Fiba Holding Anonim Sirketi
- Type: Private
- Industry: Conglomerate
- Founded: 1987; 39 years ago
- Founder: Hüsnü Özyeğin
- Headquarters: Istanbul, Turkey
- Key people: Murat Özyeğin (Chairperson)
- Revenue: €18.7 billion (2022)
- Net income: €173 million (2022)
- Owner: Hüsnü Özyeğin
- Number of employees: 12,000 (2022)
- Website: fibagroup.com

= Fiba Group =

Turkish holding company

Fiba Group (also known as Fiba Holding) is a Turkish holding company and conglomerate founded in 1987 by Hüsnü Özyeğin. Headquartered in Istanbul, the group operates in both financial and non-financial sectors, with significant activities in banking, leasing, insurance, asset management, retail, real estate, energy, tourism, and property management across Turkey, Europe and Asia. It employs approximately 13,000 people.
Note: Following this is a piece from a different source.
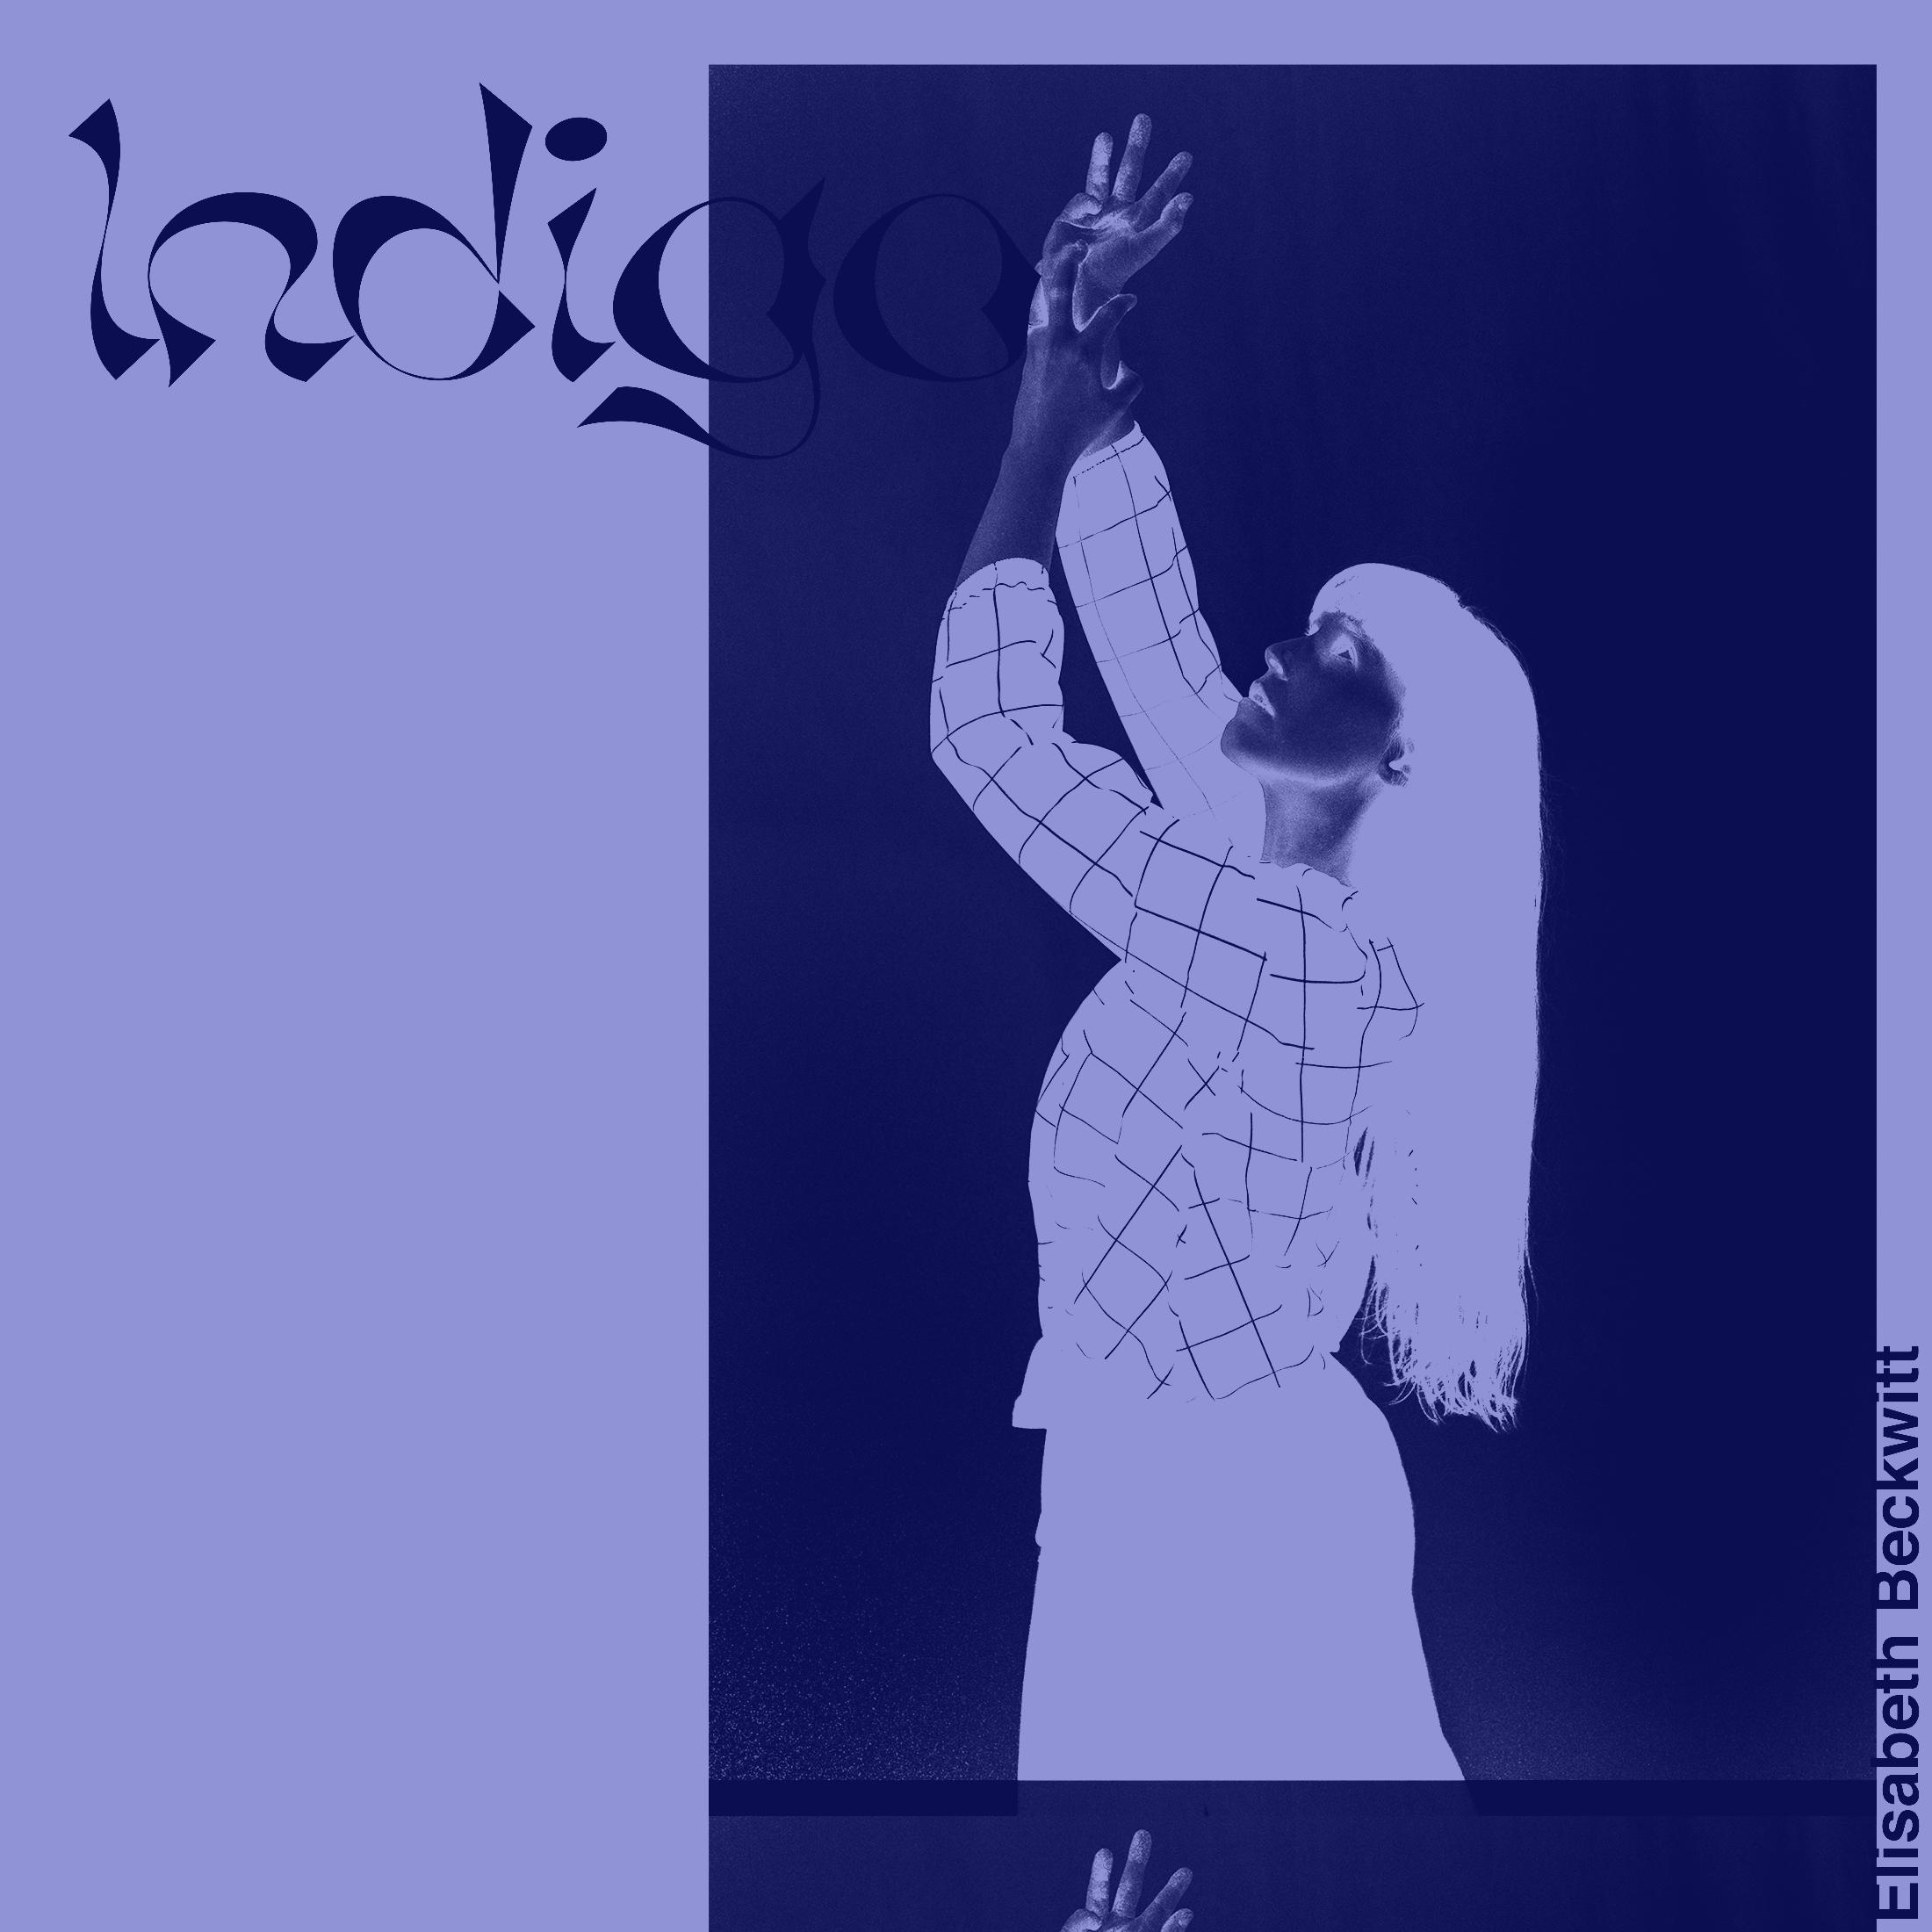 Indigo_FinalArtwork.png
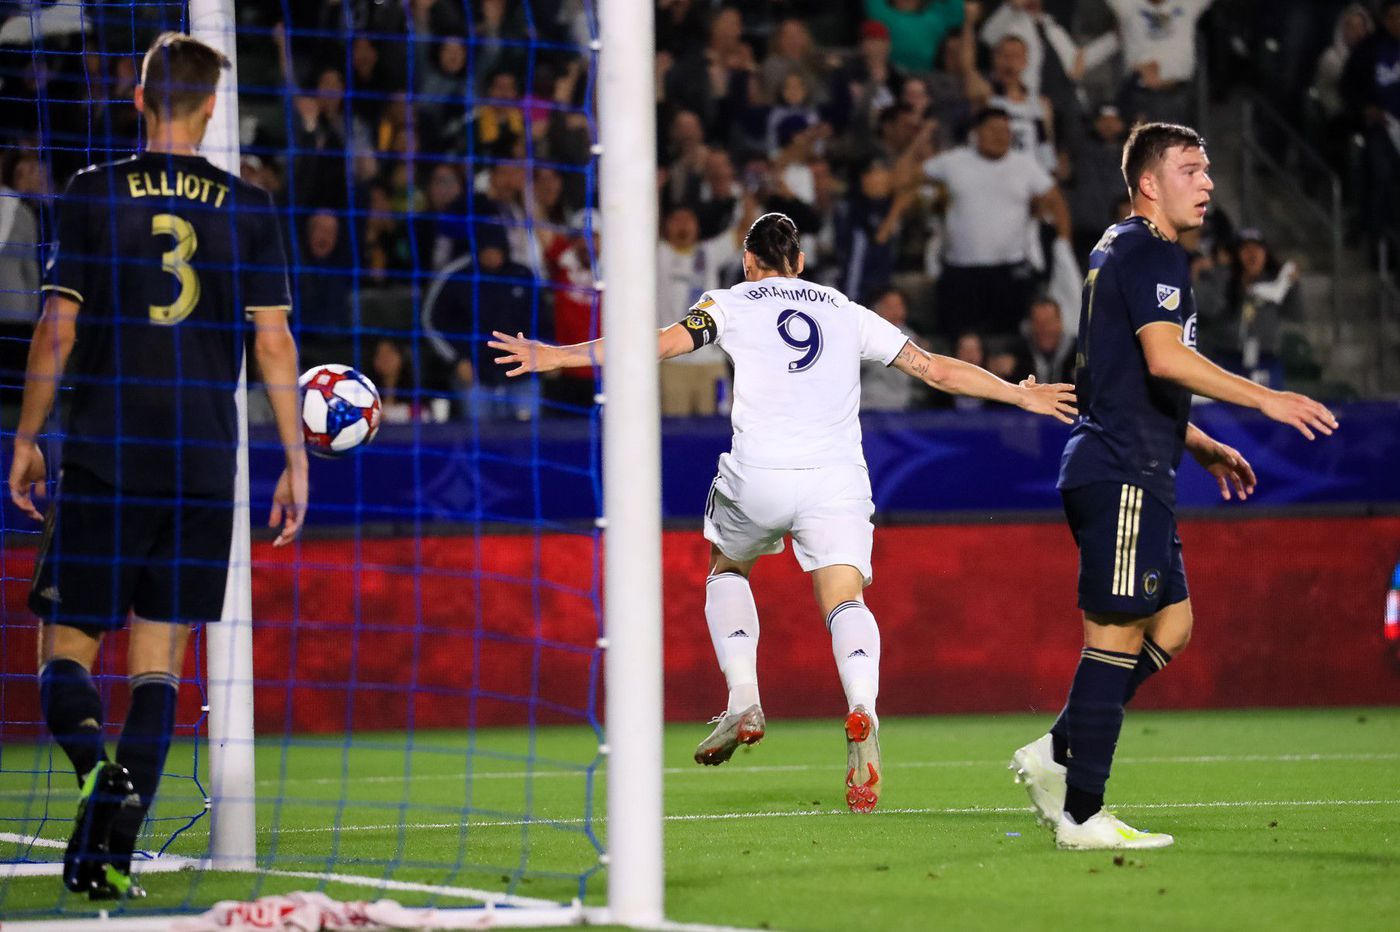 Zlatan Ibrahimovic goals deal Union 2-0 loss at Los Angeles Galaxy

The group includes companies such as Fibabanka, Nexent Bank, Fiba Retail and Fina Enerji. It is chaired by Murat Özyeğin, the son of the founder. In 2017, Fiba Group became a co-owner of the Kınık coal mine and is listed on the Global Coal Exit List compiled by the NGO Urgewald.

Fiba Group's business interests span sectors including solar power, fashion retail (through franchises like Marks & Spencer, GAP, Forever 21 and Lululemon), and hospitality through its ownership of the Swissôtel The Bosphorus in Istanbul.

== History ==
Fiba Group was founded in 1987 by Hüsnü Özyeğin with the establishment of Finansbank in Turkey. In 1990, the group began expanding internationally, starting with banking operations in Switzerland. Over the next several years, it launched banking subsidiaries in Romania, Russia and the Netherlands. In 2006, Fiba Group sold its Turkish banking arm, Finansbank, to the National Bank of Greece, while retaining and rebranding its foreign operations under the name Credit Europe Bank.
To re-establish a presence in the Turkish financial market, Fiba Group founded Fibabanka in 2010. The group entered the asset management sector in 2013 with the creation of Fiba Portföy.

In 2024, the group's retail division obtained the Turkish franchise rights for Forever 21 and Lululemon. In 2025, Fiba Retail acquired a 50% stake in Sportive through a joint venture with İş Private Equity.

== Operations ==

=== Financial Services ===
- Banking: Fibabanka which operates in Turkey and Nexent Bank, with operations in the Netherlands, Germany, Switzerland, Romania, Malta and Ukraine.
- Leasing: Credit Europe Leasing in Romania, Russia, and Ukraine.
- Factoring: Fiba Faktoring A.Ş., established in 1992.
- Insurance and Pension: Operates HDI Fiba Emeklilik ve Hayat and Fiba Sigorta.
- Asset Management: Fiba Portföy Yönetimi and Gelecek Varlık Yönetimi.

=== Non-financial Investments ===
- Retail: Fiba Retail holds franchise rights for Marks & Spencer, GAP, Banana Republic, Forever 21 and Lululemon in Turkey, Russia and Ukraine. It owns a 50% stake in Sportive.
- Real Estate: Fiba Commercial Properties manages shopping centers in Turkey, Romania, Moldova and China.
- Energy: Through Fina Enerji, the group is active in wind and solar energy and operates coal assets including the Kınık coal mine.
- Hospitality: Owns the luxury hotel Swissôtel The Bosphorus (an Accor brand) in Istanbul.

== Leadership ==
Fiba Group was founded by Hüsnü Özyeğin. Since 2019, the group has been chaired by his son, Murat Özyeğin, a prominent Turkish entrepreneur and philanthropist.

== Social Responsibility ==
Fiba Group supports education and social development through the Hüsnü M. Özyeğin Foundation and is a long-time partner of AÇEV (the Mother Child Education Foundation). In 2008, Hüsnü Özyeğin established Özyeğin University, a nonprofit private university in Istanbul.